Что-то прикоснулось к уху Лобзанга и врезалось в обивку позади него. Один из шаров глубоко зарылся стену и упал на пол.
— Может, чуть помедленнее, — сказал Лю-Цзы, поворачивая рычаг.
Из шестнадцати беспорядочно летящих шаров, один угодил Лобзангу в живот. Лю-Цзы вздохнул и вновь перевел большой рычаг.
— Очень хорошо, — сказал он.
— Дворник, я никогда не… — начал мальчик, поднимаясь на ноги.
— О, понимаю, ты бы не поймал и одного, — сказал Лю-Цзы. — Даже наш горластый друг не смог бы это сделать на такой скорости.
— Но вы только что сказали, что замедлили их!
— Ровно настолько, чтобы тебя не убило. Просто проверка. Все проверка. Пошли, парень. Мы не можем заставлять аббата ждать.
И Лю-Цзы удалился, оставляя за собой хвост сигаретного дыма.
Лобзанг последовал за ним, чувствуя, что начинает нервничать все сильнее и сильнее. Это был Лю-Цзы, и доджо доказал это. Да он и так знал это. Он посмотрел на маленькое круглое лицо, дружелюбно взирающее на злого бойца, и понял это. Но… просто дворник? Без знаков отличия? Без звания? Ну, очевидно в звании, потому что доджо мастер даже аббату не кланяется ниже, но…
Сейчас он шел за этим человеком туда, куда, под страхом смерти, нельзя заходить даже монахам. Рано или поздно, он точно попадет в беду.
— Дворник, мне действительно нужно вернуться к своим обязанностям на кухне… — начал он.
— О, да, обязанности на кухне, — сказал Лю-Цзы. — Они научат послушанию и трудолюбию, так?
— Да, Дворник.
— И что, получается?
— О. Да.
— Правда?
— Ну не совсем.
— Их достоинства слегка преувеличивают, должен тебе сказать, — сказал Лю-Цзы. — В то время как здесь, мой мальчик, — он прошел через арку. — Образование!
Это была самая большая комната, которую Лобзанг когда-либо видел. Снопы света лились из застекленных окон в крыше. А внизу, более чем на сто ярдов простиралось то, что могли обслуживать только главные монахи, передвигавшиеся над ним по тонким перекидным мостам…
Лобзанг слышал о Мандале.
Было похоже, будто кто-то взял тонны разноцветного песка и усеял пол завитками его радужного хаоса. Но во вздымающемся, падающем и расширяющемся беспорядке был порядок, сражающийся за выживание. Миллионы бессистемно разбросанных песчинок составляли некий фрагмент узора, который повторялся и вился по кругу, переплетаясь и сливаясь с другими узорами, чтобы наконец раствориться в общем кавардаке. Это происходило вновь и вновь, превращая Мандалу в безмолвно бушующую войну цвета.

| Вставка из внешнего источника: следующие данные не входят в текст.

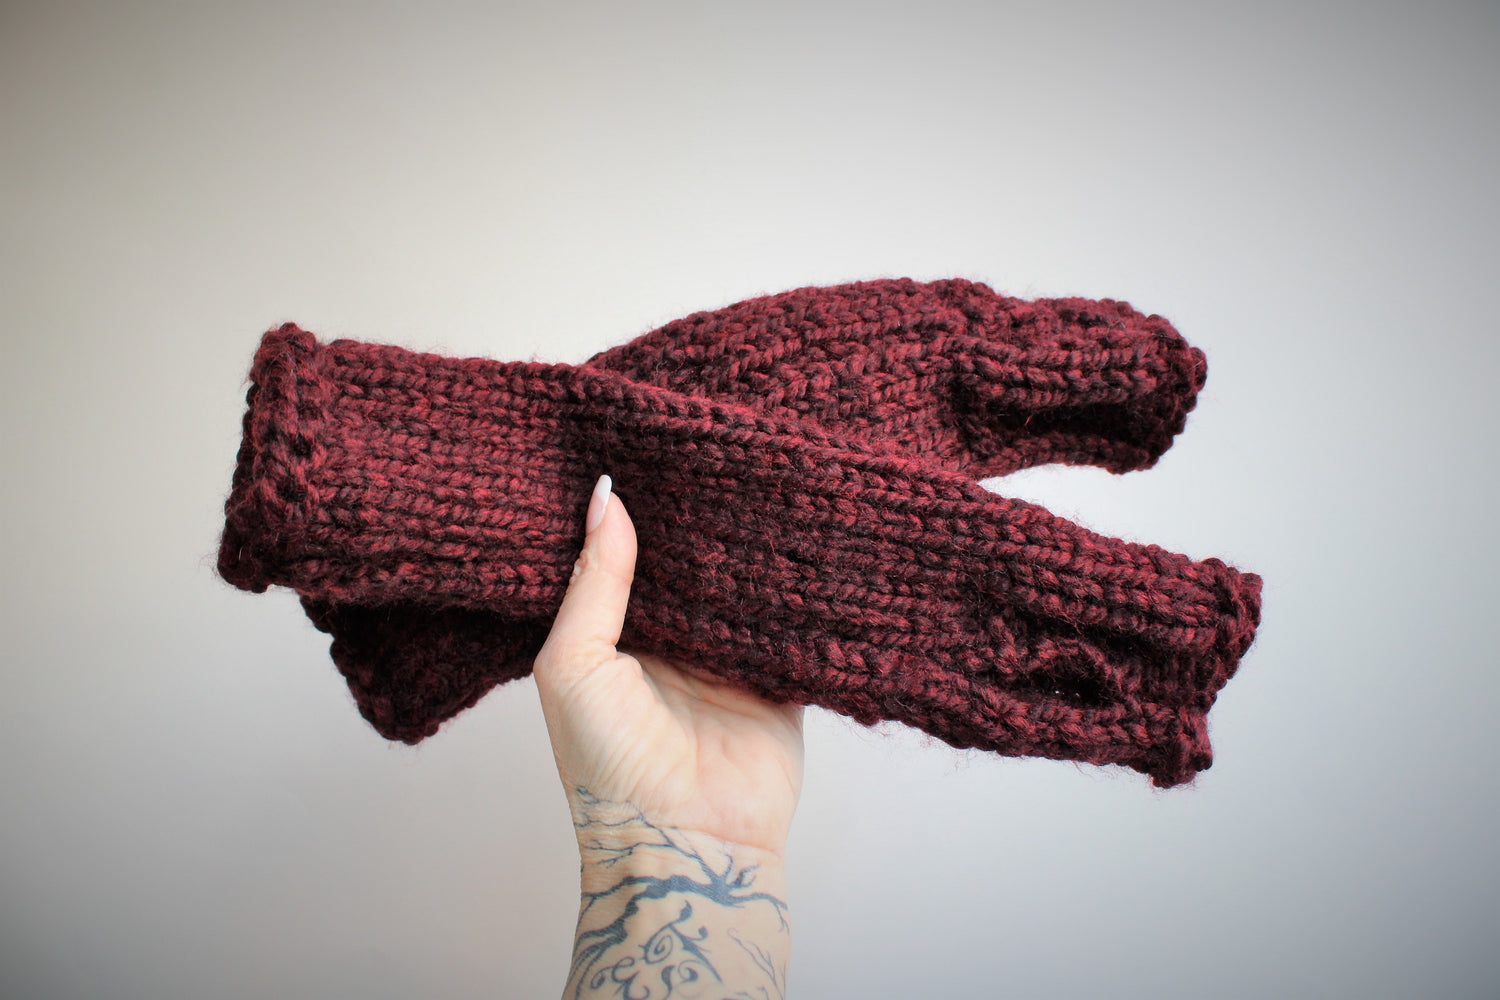 The "Garnet" Handknit Fingerless Gloves in Dark Wine Red

Лю-Цзы ступил на не слишком надежно выглядевший подвесной мост.
— Ну, — сказал он. — Что скажешь?
Лобзанг глубоко вздохнул. Ему казалось, что если он упадет с моста в волнующееся море цвета, то никогда, никогда не достигнет дна. Он сморгнул и потер лоб.
— Это…зло, — сказал он.
— Правда? — удивился Лю-Цзы. — Не многие говорят это в первый раз. Они обычно используют слова, вроде «чудесно».
— В ней что-то не так!
— Что?
Лобзанг вцепился в веревочные перила.
— Узоры, — начал он.
— История повторяется, — сказал Лю-Цзы. — Они всегда там.

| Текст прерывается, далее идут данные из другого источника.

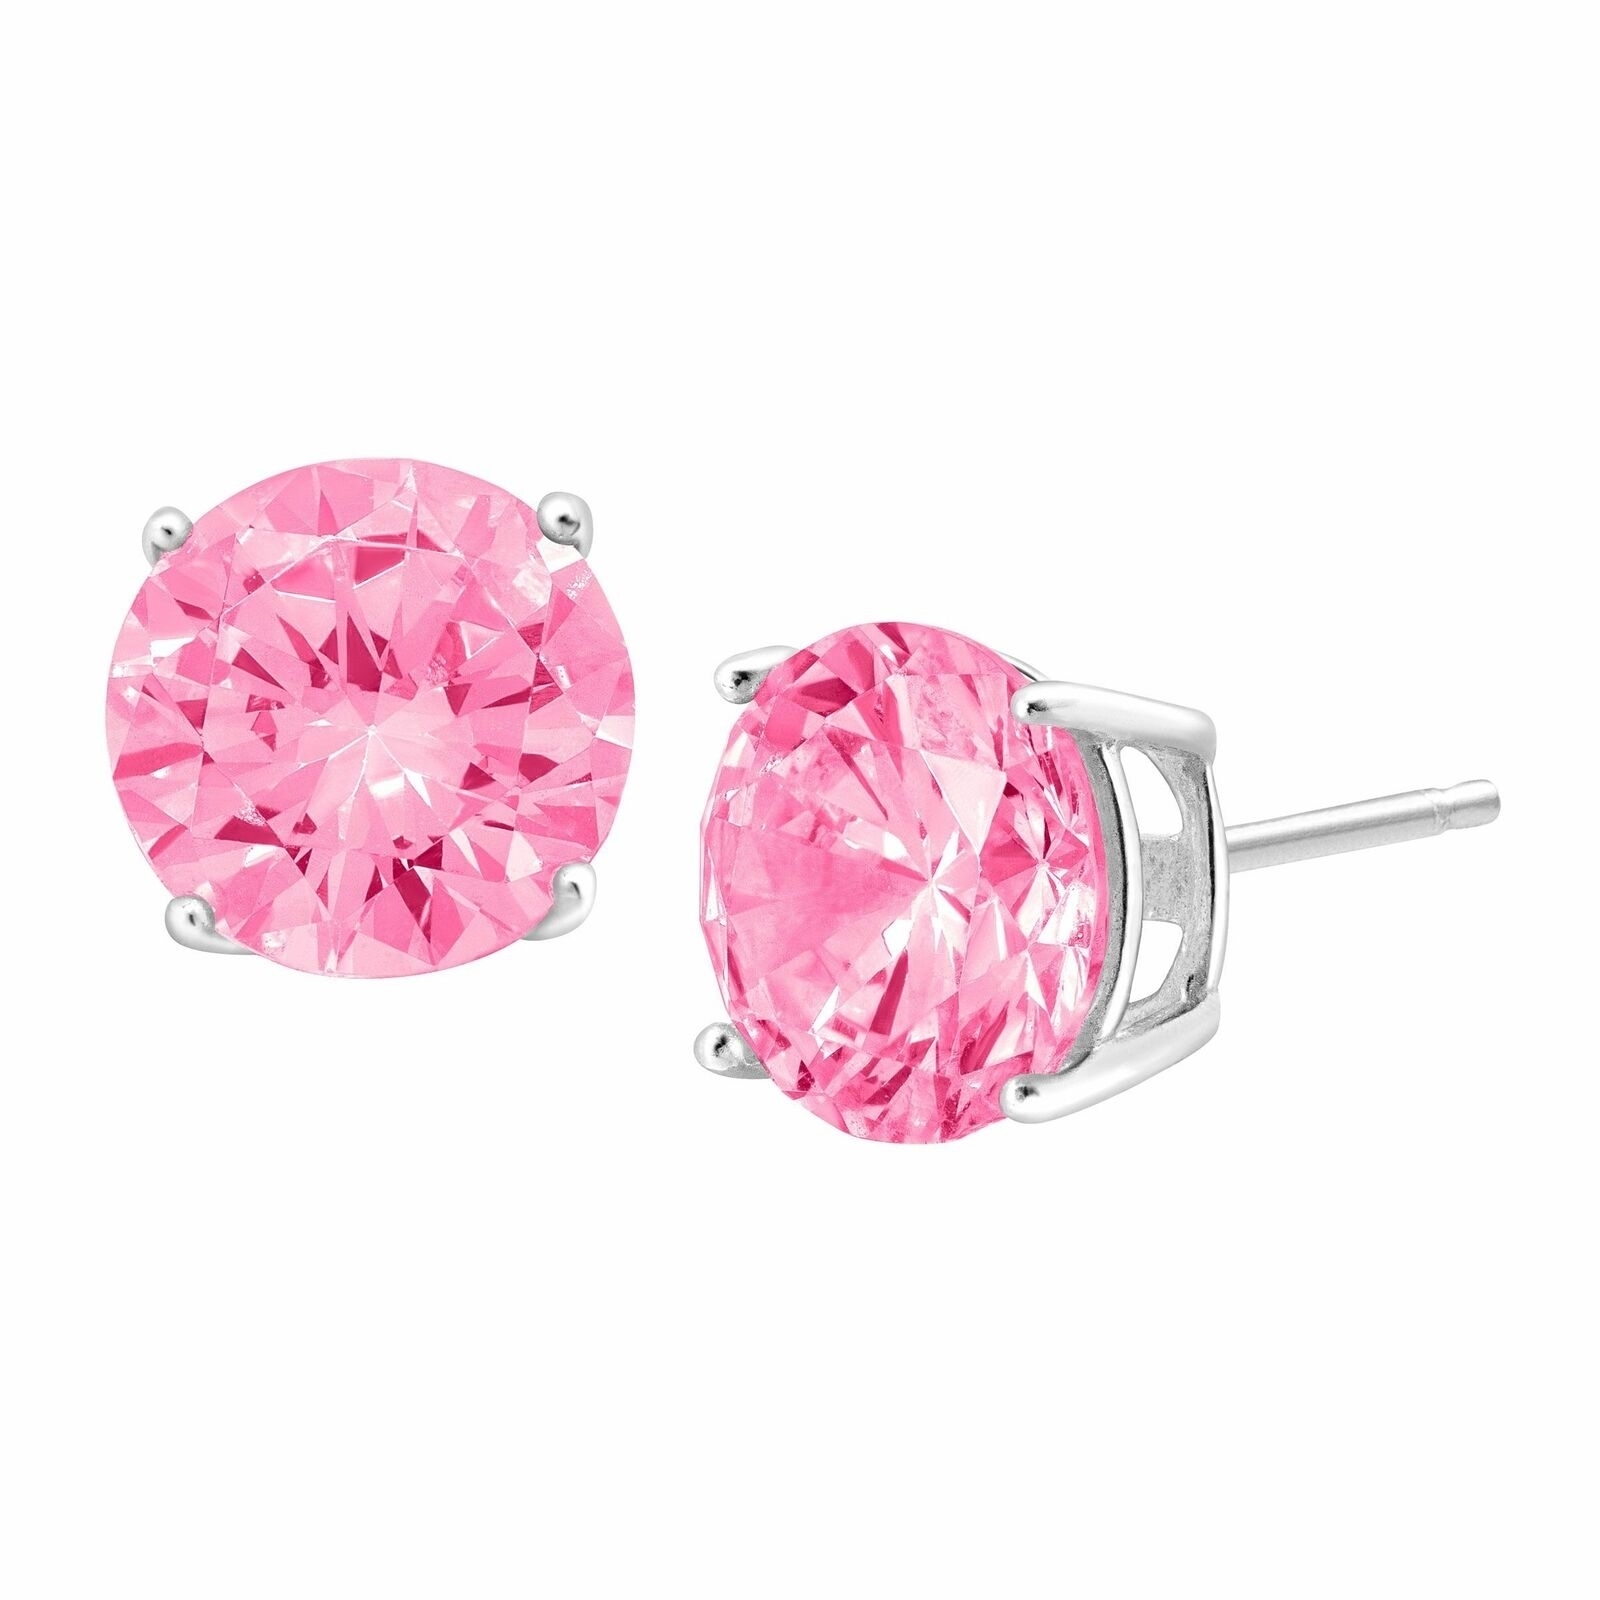 925 2.00 Cttw Genuine Pink Sapphire Gemstone Studs

— Нет, они… — Лобзанг постарался разобраться во всем этом. Здесь были узоры под узорами, замаскированные под хаос. — Я хочу сказать…другие узоры…
И он полетел вниз.
Мир загудел и закувыркался, а пол метнулся вверх, чтобы подхватить его.

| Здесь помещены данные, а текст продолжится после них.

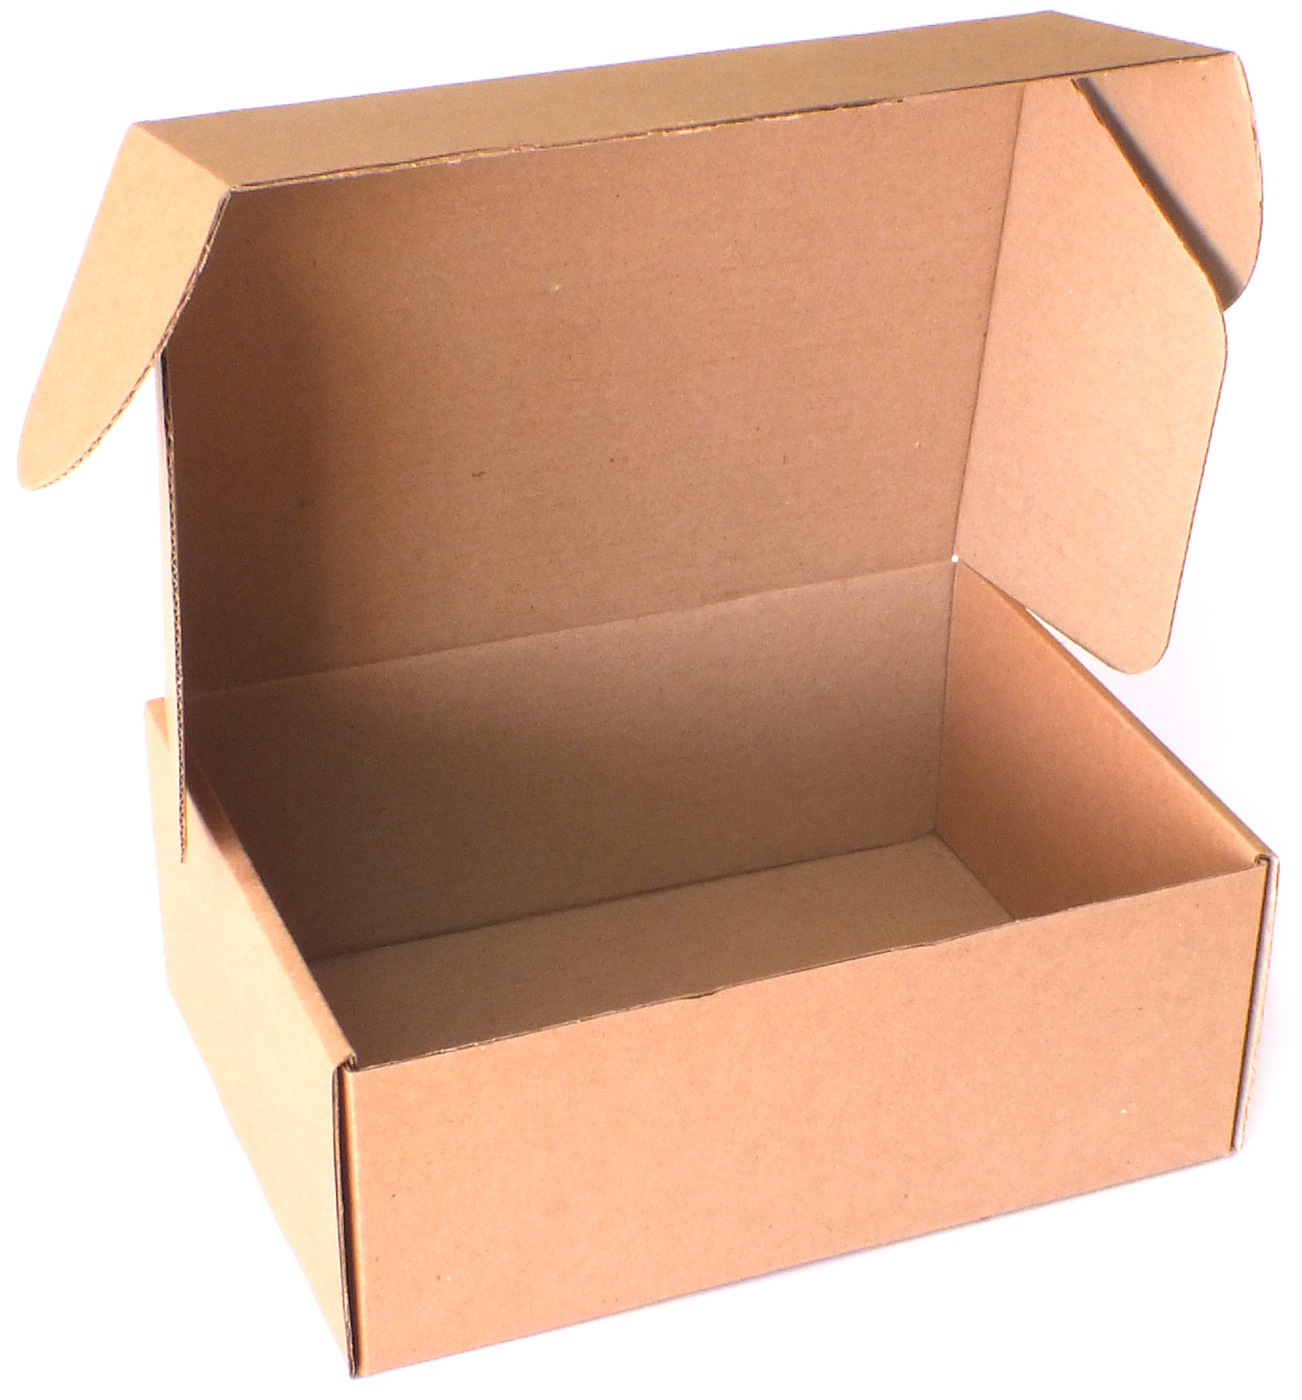 Мм упаковка 20 шт. Коробка из микрогофрокартона. Упаковка 20 штук. Комупак упаковка. Комупак фото.

И остановился всего в нескольких дюймах.
Воздух вокруг него зашипел, словно его осторожно поджарили.
— Неоврат Лудд?
— Лю-Цзы? — произнес он. — Мандала это…
Но где цвета? Почему воздух такой сырой и пахнет городом? А потом призрачные воспоминания исчезли. А пока исчезали, сообщили ему: Как мы можем быть воспоминаниями, если мы только должны будем случиться? То, что тебе наверняка вспоминается — это весь путь на крышу Гильдии Пекарей и то, что кто-то ослабил твою веревку, ведь это только что произошло?
И последнее меркнущее воспоминание сообщило: Эй, это было месяц назад…
— Нет, мы не Лю-Цзы, загадочно падающее дитя, — сказал ему чей-то голос. — Ты можешь обернуться?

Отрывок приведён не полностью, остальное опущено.